## Lossy image compression

The following bitmap image is represented by a $$864\times 1,536$$ matrix, call it $$A$$, in which each entry is an 8-bit integer. (Click here to view the image if you are not using Apple Safari.)

The basic idea behind lossy image compression is to obtain a representation of a matrix close to $$A$$ that requires less storage than what is needed to store all the entries of $$A$$. Here, the matrix $$A$$ is approximately equal to the product of two matrices (in a format compatible with Octave/MATLAB) $$P$$ and $$Q$$ with entries in 32-bit floats where $$P$$ is $$864\times 100$$ and $$Q$$ is $$100 \times 1,536$$. The image that corresponds to the product $$PQ$$ is as follows: (Click here to view the image if you are not using Apple Safari.)

Even though the second image shows degradation from the first image, the differences are not too pronounced, especially when viewed on a small screen. In fact, the second image maybe good enough for some practical purposes.

However, the main difference between the two is that storing all the entries of $$A$$ requires $$864 \times 1,536 = 1,327,104$$ bytes since each entry is an 8-bit integer; whereas storing the entries of $$P$$ and $$Q$$ require a total of $$4\times(864\times 100 + 100\times 1,536) = 960,000$$ bytes since each entry is a 32-bit float. Hence, storing $$P$$ and $$Q$$ instead of $$A$$ leads to a reduction of more than 27%. (In fact, one can use 24-bit floats instead of 32-bit floats. Doing so will result in more savings but will require a custom routine for saving and loading such matrices.)

This example raises two important questions:

1. What do we mean when we say that a matrix is close to another matrix?

2. How do we find the matrices $$P$$ and $$Q$$?

We will give an answer to the first question here. The second question will be addressed later.

## The Frobenius norm

To measure the “distance” between matrices, we make use of what is known as the Frobenius norm of a matrix.

Let $$A \in \mathbb{R}^{m \times n}$$. The Frobenius norm of $$A$$, denoted by $$\|A\|_F$$, is the quantity $\sqrt{ \sum_{i = 1}^m \sum_{j = 1}^n A_{i,j}^2}.$ In other words, it is the square root of the sum of the squares of the entries of $$A$$.
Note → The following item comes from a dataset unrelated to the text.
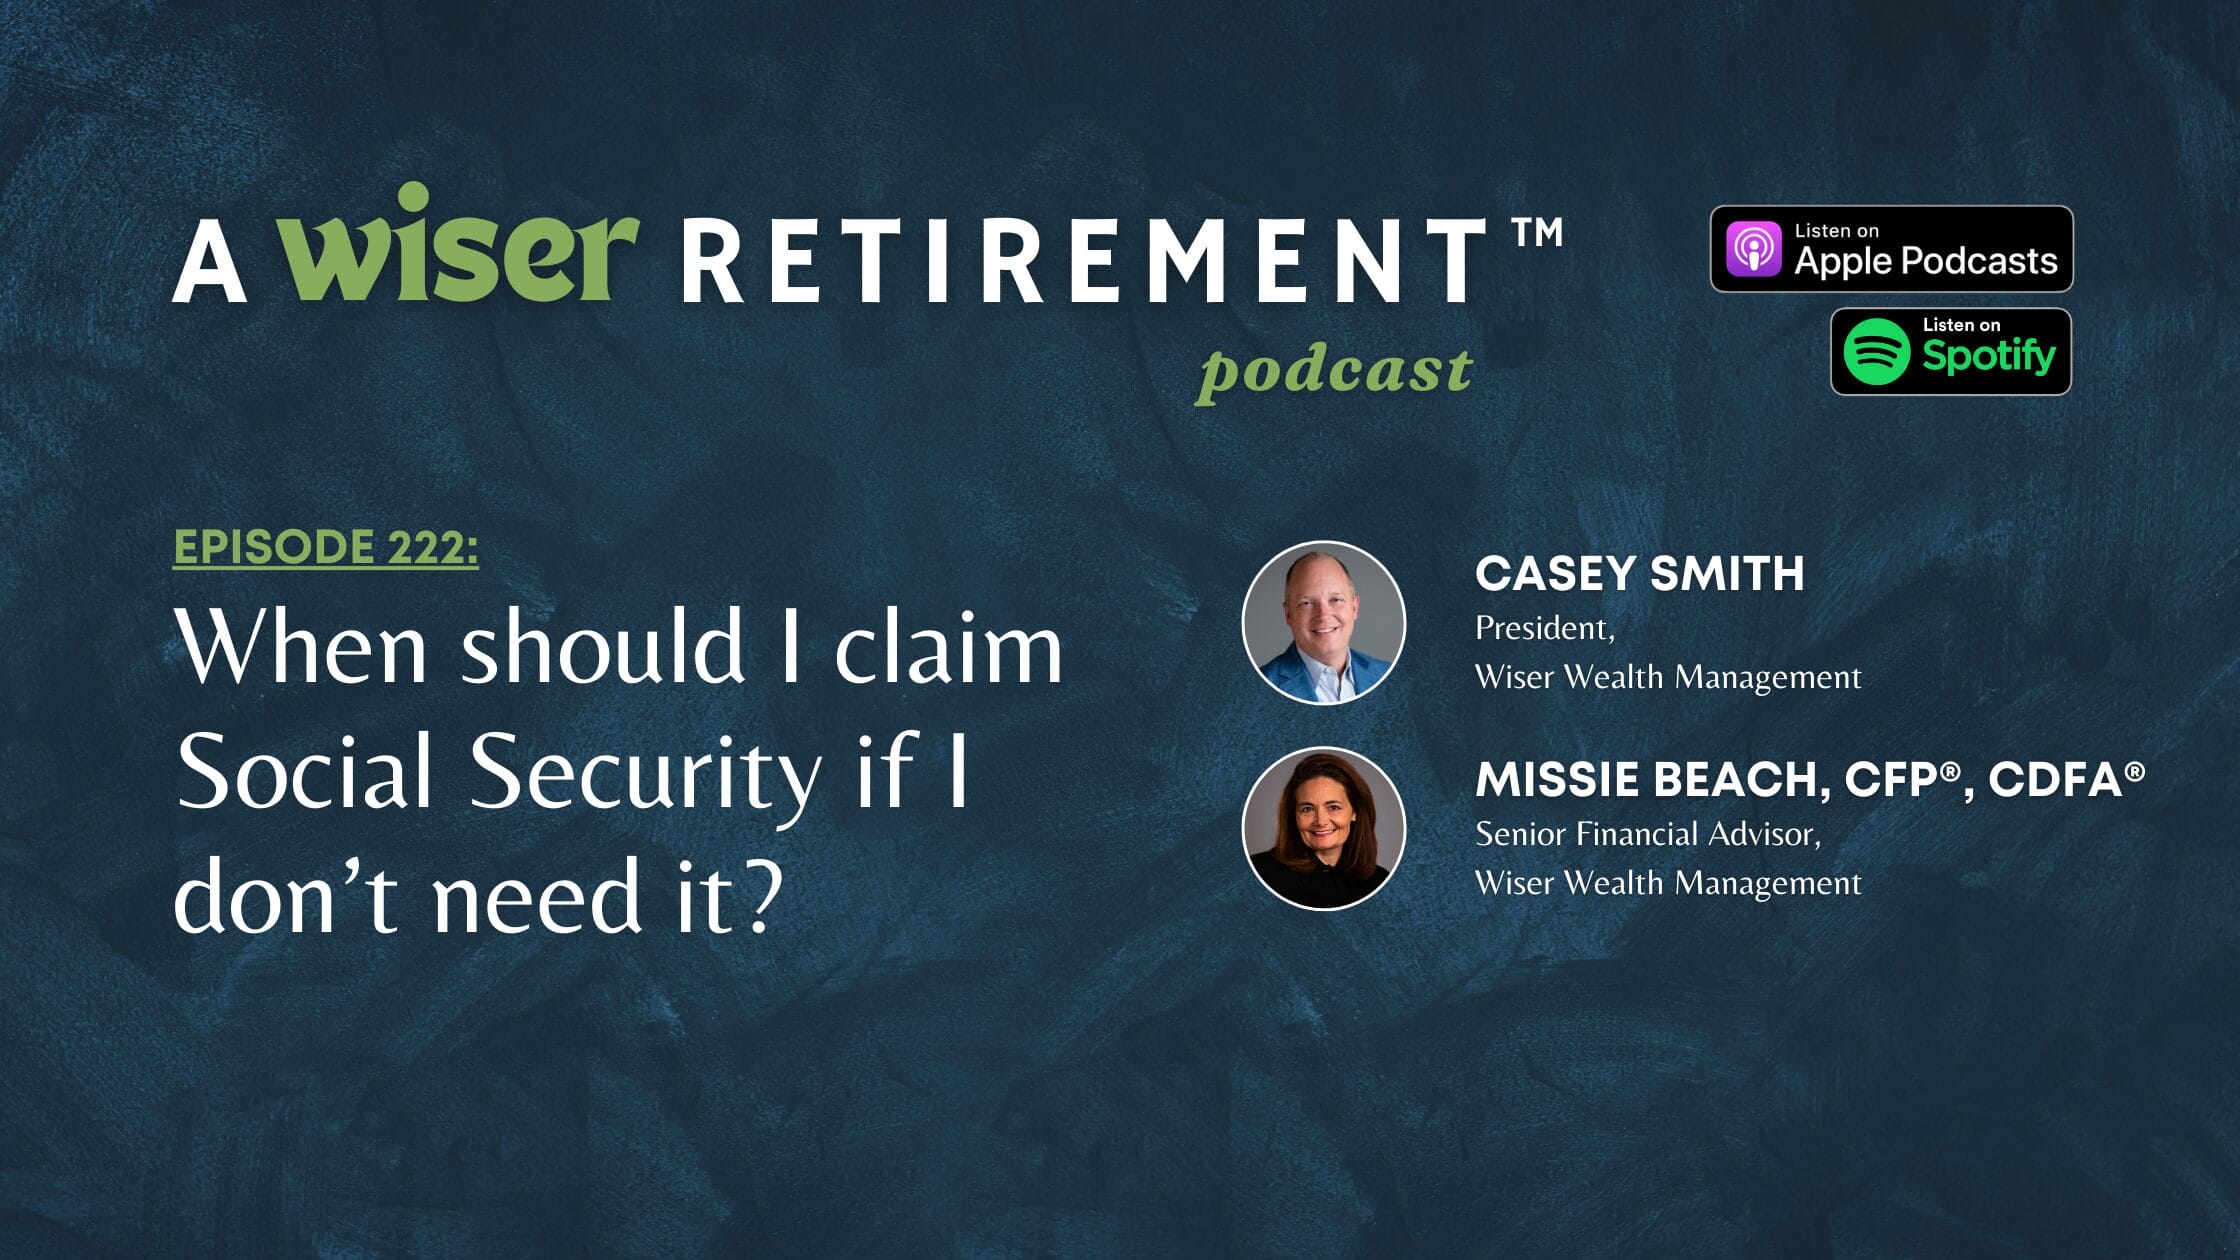 When should I claim Social Security if I don’t need it?

With the Frobenius norm defined, if $$B \in \mathbb{R}^{m\times n}$$, then the distance between $$A$$ and $$B$$, denoted by $$d(A,B)$$, is the quantity $\|A - B\|_F.$

So we say that the smaller the value $$d(A,B)$$ is, the closer the matrix $$B$$ is to $$A$$. Note that $$d(A,B) = d(B,A)$$.

### Example

If $$A = \begin{bmatrix} 1 & 0 \\ 0 & 1\end{bmatrix}$$ and $$B = \begin{bmatrix} 1 & -1 \\ 2 & 0\end{bmatrix}$$, then $d(A,B) = \|A-B\|_F = \left\|\begin{bmatrix} 0 & 1 \\ -2 & 1\end{bmatrix}\right \|_F = \sqrt{ 0^2 + 1^2 + (-2)^2 + 1^2 } = \sqrt{6}.$

## Low-rank matrices for lossy compression

To compress images, we need to find good approximations that requires less storage. Matrices with low rank could be beneficial here.

To see why this could be so, suppose that $$B$$ is a matrix of rank $$r$$. Recall that we can obtain, via row reduction, an invertible matrix $$M \in \mathbb{R}^{m\times n}$$ and a matrix $$R$$ in RREF such that $$B = MR$$.

Since $$B$$ has rank $$r$$, the bottom $$m-r$$ rows of $$Q$$ contain only 0's. So if we let $$P$$ be the matrix consisting of the first $$m-r$$ columns of $$M$$ and let $$Q$$ be the matrix consisting of the first $$m-r$$ rows of $$R$$, then $$PQ = MR = B$$. Hence, if $$r$$ is significantly less than $$\min(m, n)$$, then storing $$P$$ and $$Q$$ instead of $$B$$ will require much less storage. This is precisely the situation for the image example above.

In summary, one way to perform lossy compression for black-and-white bitmaps is to find a low-rank matrix whose distance to the matrix of the original image is small. We will use singular value decomposition to obtain such a matrix.